Gorbachov. El hombre de Moscú
De la multitud de escenas e imágenes de Gorbachov que se agolpan de pronto en la memoria, hay una persistente sobre todas: aquel momento increíble en el que Yeltsin, en la tribuna del Parlamento ruso, obliga a Gorbachov a leer las actas de un Consejo de sus ministros en el que se decide el golpe de Estado y, una vez terminado esto, le recuerda que le queda por firmar un “pequeño decreto”: ante la estupefacción del Presidente de la URSS y secretario general del PC soviético, le aclara que se trata de la suspensión de las actividades del Partido Comunista. Como mucha gente, me pasé aquellos días viendo -y grabando en vídeo, sin parar- las imágenes de la revolución. Jamás había imaginado un espectáculo como el de aquel 23 de agosto. Gorbachov había puesto en marcha una reformas extraordinarias destinadas a salvar la Unión Soviética. Ahora tropezaba con una realidad impensable. Tras el fracaso del intento de golpe de Estado y el asalto a la Casa Blanca -el nombre moscovita del Parlamento- los rusos habían acabado con el comunismo y con el partido comunista.
Yo estaba con Yeltsin. Me gustaba más aquel hombre que representó como nadie el deseo de emancipación de los rusos de una tiranía que había demostrado una suprema crueldad y una suprema ineficacia, todo con la aspiración de instaurar el paraíso en la tierra. Gorbachov, en cambio, tenía mejor prensa en Occidente. Se veía en él al reformador amable y realista, que había hecho posible el arranque de la democratización en Rusia y el derrumbamiento del Muro de Berlín casi dos años antes (otros largos y extraordinarios días de televisión y cintas de vídeo). Y, seguramente también por prudencia, se prefería confiar en el hombre del aparato empeñado en reformar el régimen desde dentro.

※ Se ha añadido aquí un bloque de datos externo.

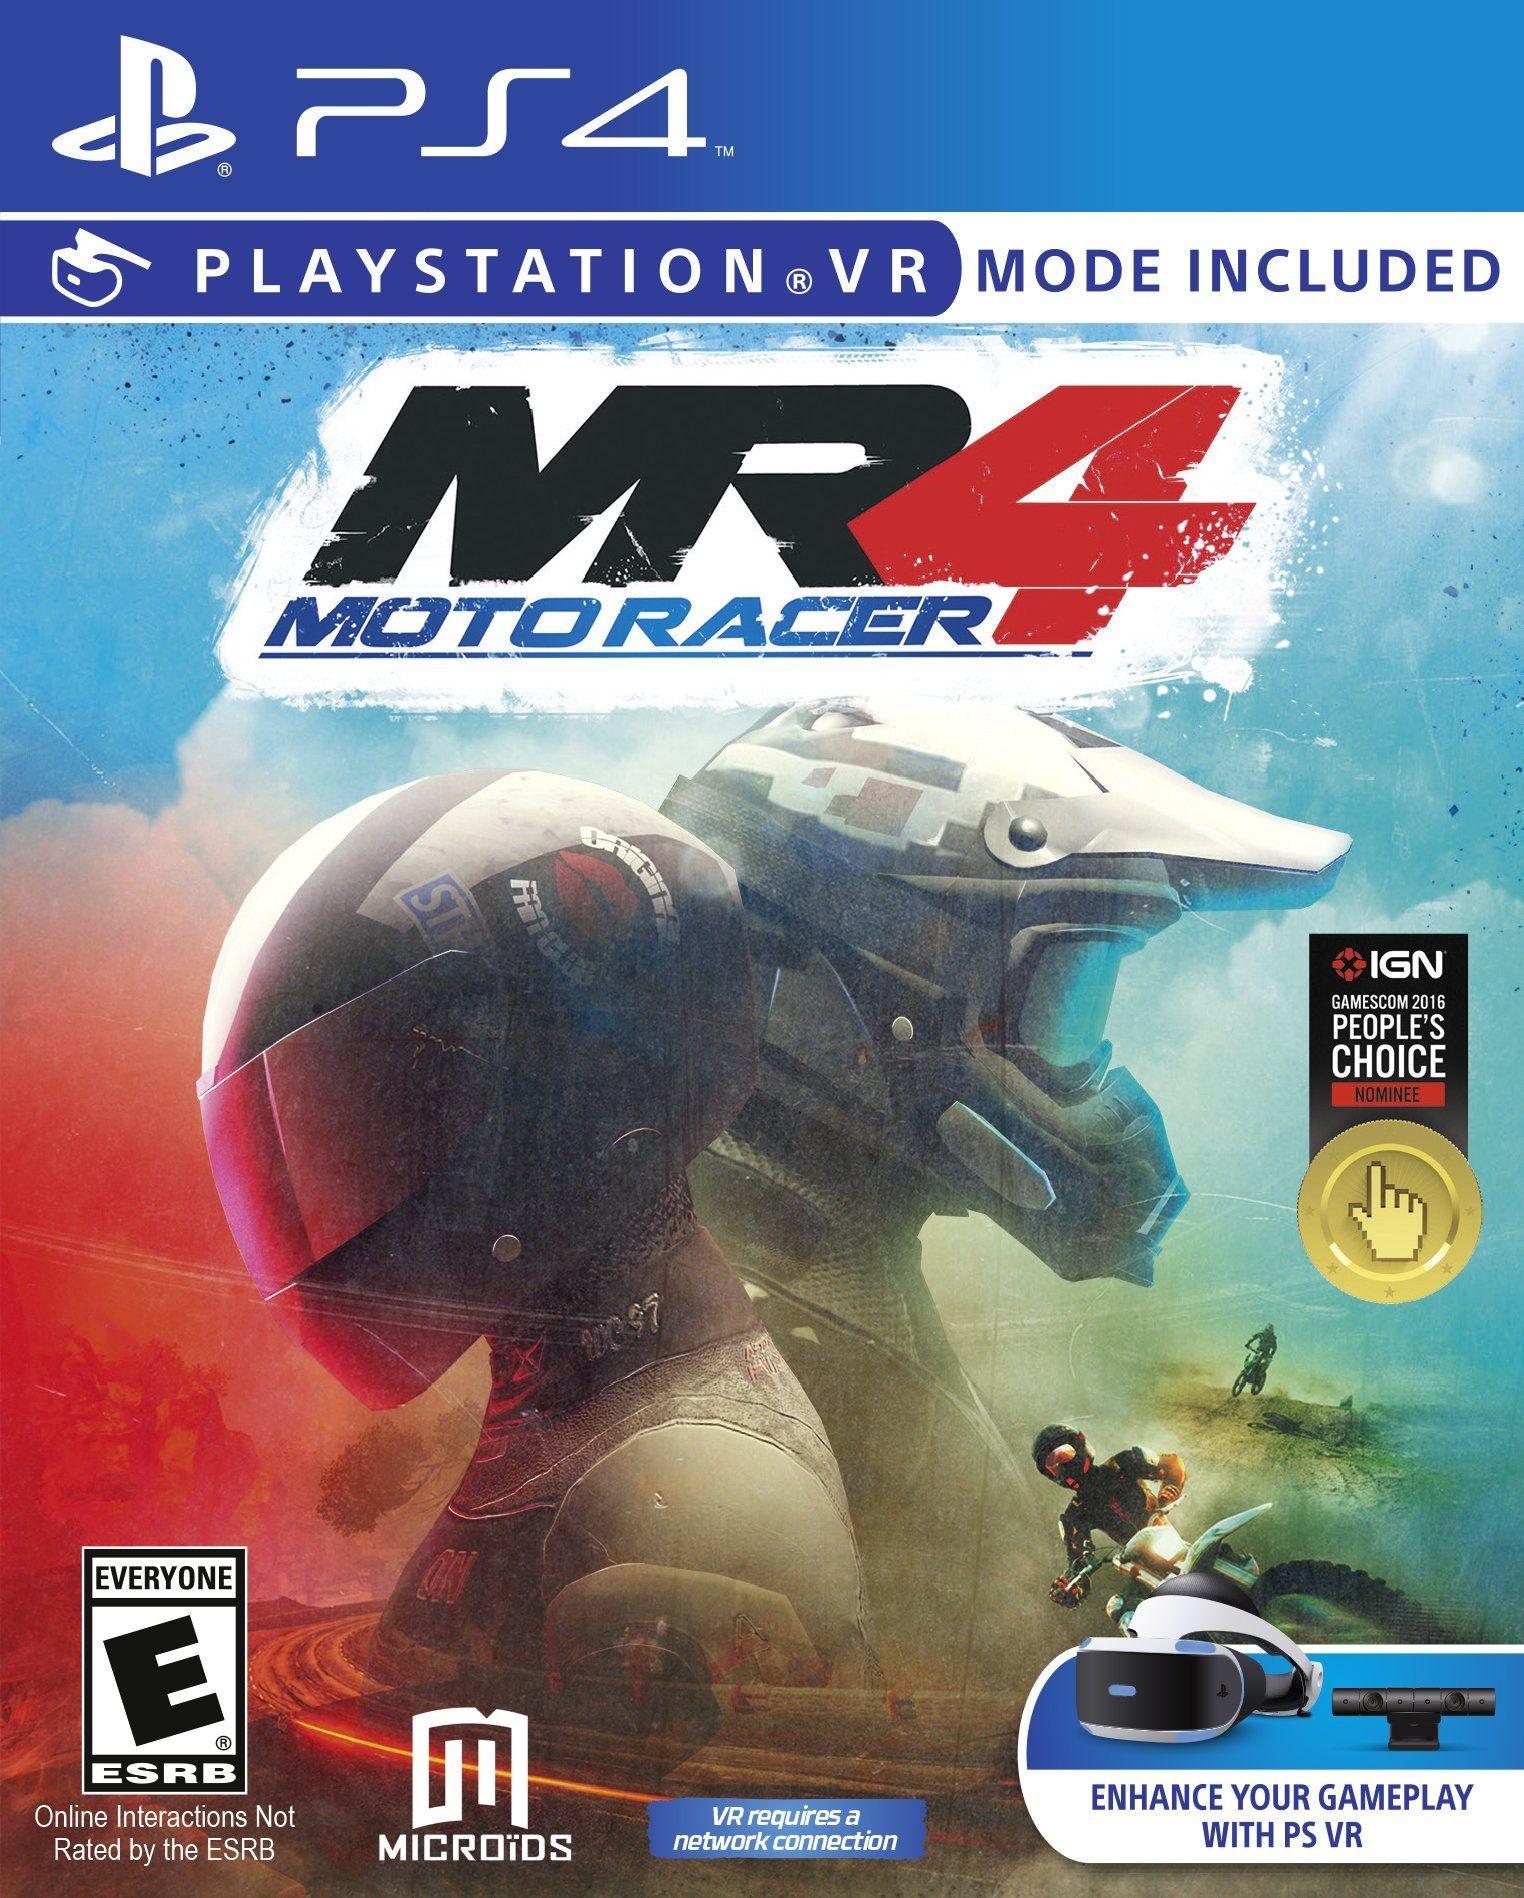 Moto Racer 4 Playstation, Playstation vr, Ps4 games

Hoy las cosas han cambiado en Rusia, y el recuerdo de Yeltsin no es tan amable con su figura. Gorbachov, en cambio, sigue siendo una figura impopular, al que se le atribuye el origen de todos los males que vinieron después. Recuerdo injusto, aunque prolongue la poca simpatía que suscitó en 1991, porque si algo hubiera querido Gorbachov es preservar la integridad territorial de la Unión Soviética e instalar una democracia sin rupturas. El golpe, no Yeltsin ni la reacción contra el propio golpe, demostró que aquello era imposible. Gorbachov no fue por tanto uno de esos protagonistas de las transiciones políticas que acaban siendo víctimas del éxito de su proyecto. Cayó porque su proyecto fracasó. Y aquel fracaso abrió la puerta a lo que vino luego, y que tan malos recuerdos suscita entre los rusos… con razón.

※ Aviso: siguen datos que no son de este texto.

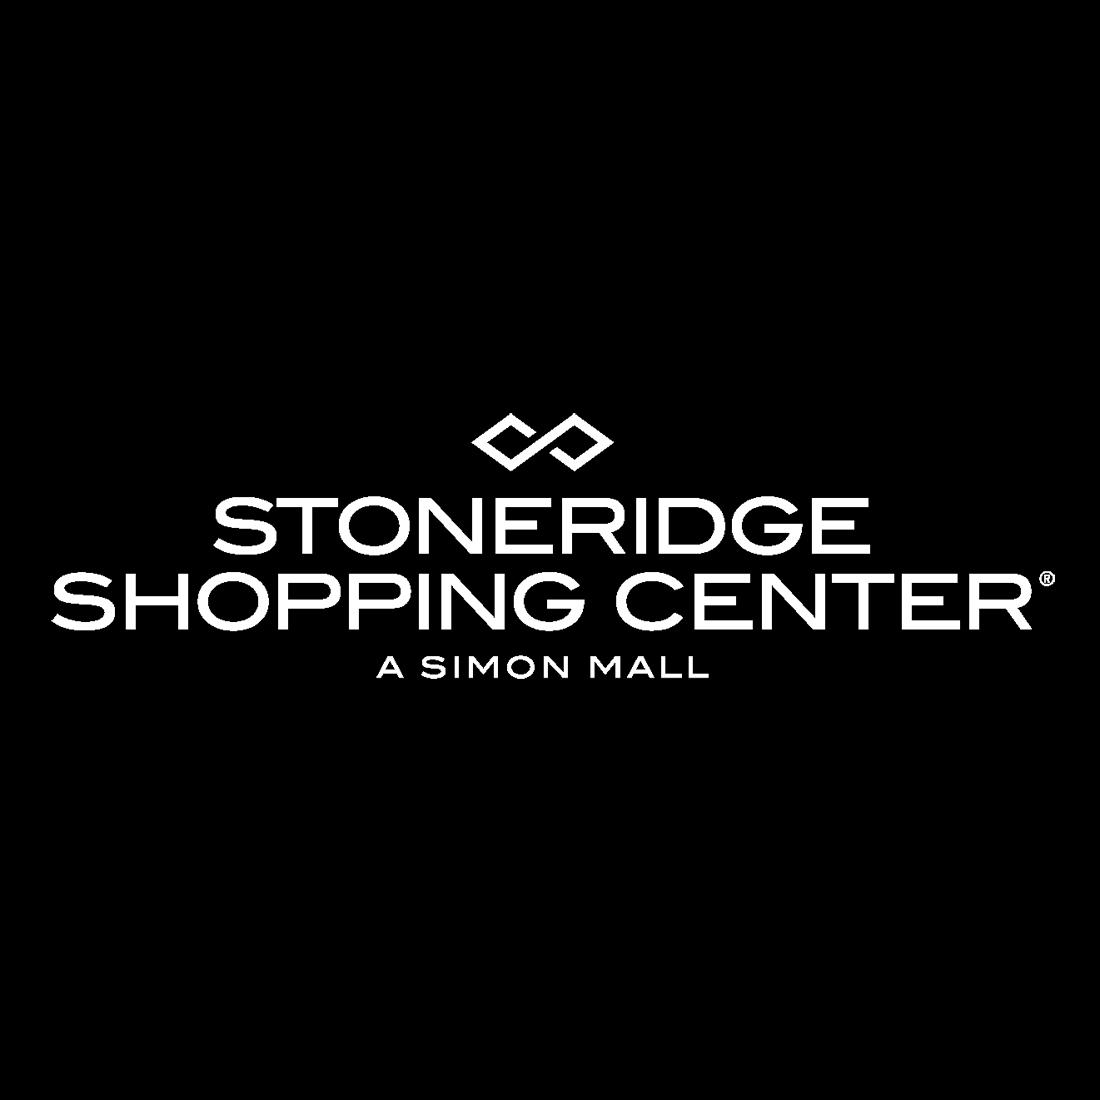 Stoneridge Shopping Center

Bien es verdad que los nuevos dirigentes tuvieron que elegir, como dijo uno de ellos, entre una transición criminalizada a la economía de mercado y una guerra civil. Lo ocurrido en esa transición salvaje no disminuye el mérito, y la distinción, de haber acabado con la tiranía soviética. Tampoco el fracaso de Gorbachov disminuye su propio mérito. Él puso en marcha lo que luego otros continuarían. Y lo hizo sin recurrir a la violencia, como pocas veces lo han hecho los dirigentes rusos que alcanzan el poder que él llego a tener. Para entender su legado, hay que comprender a la vez la antipatía, o la animadversión, que sigue suscitando entre sus compatriotas y su decisiva contribución a un nuevo orden de libertad. Promesa, por cierto, que no se cumplió.